Congratulations, Piccaso, you’re an artisn’t.  Cut the top off your kids’ pumpkin, help them clean it out, take a steak knife and cut out some triangle eyes and a crooked mouth and call it good. When I see a scraped pumpkin I know there’s a frustrated mom and a henpecked dad miserably living inside the house on whose porch the pumpkin sits. Give it up, Martha Stewart, and let your kids have a
little fun.

 Posting food pictures on FaceBook:  Dude, seriously, it’s food.

 Same goes for colored leaves, women drinking, and soccer updates.

And I can’t wait until I don’t have to see Facebook pictures of pumpkin spice beer..

 Soccer Updates:  Here’s an inside tip: no one cares about your kid’s soccer team. No one.  They never will. It’s soccer for gosh sakes. People are more likely to be impressed with your Beanie Baby collection than be impressed with your kids uncanny ability to run around aimlessly and kick a ball.

“Sexy” Halloween costumes:  See that girl on the box?  You don’t look like her, you have never looked like her, and you will never look like her.  What you do look like is a desperate woman who should have skipped the sprinkles on your last trip to the Pizza Ranch Ice Cream Bar.  On the plus side, alcohol makes you look even more ridiculous but gives those around you topic for conversation.
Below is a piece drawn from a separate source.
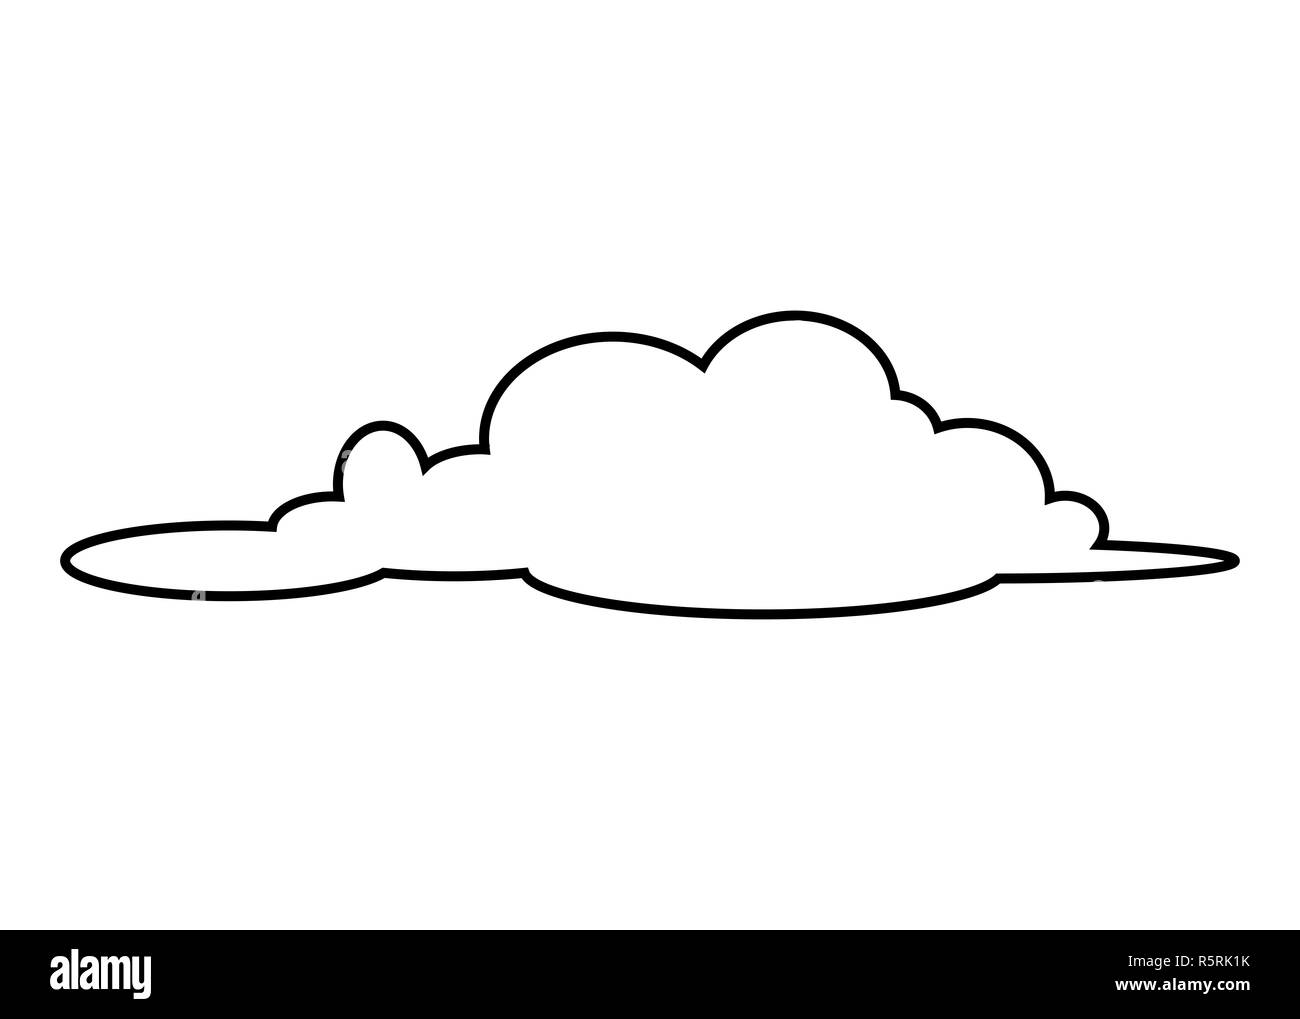 cloud silhouette vector symbol icon design Stock Photo - Alamy

Self Check Out Lanes:  Okay, the self check out lanes aren’t played, but there’s an assumption that when you enter the lane you have a clue as to how to use them.   I’m so tired of morons who can’t handle the complex task of dragging a box of Corn Chex over a piece of glass.  I think if the girl watching over the self check out lane has to come over and help you then she should be able to press a button and charge you a two-dollar “idiot tax” that will immediately be deducted from your bridge card.  I realize in the near future bridge cards will be done away with and after you call your order in to Meijer’s, the food will be driven to your house and prepared for you  in exchange for a straight ticket Democrat vote. But until that day comes please move your butt over to the regular check out lane so I can get back to my job and you can get back to playing Candy Crush on your phone.  I know that sounds a little rough but I’m just tired of people standing and staring at the check-out screen like a…Zombie.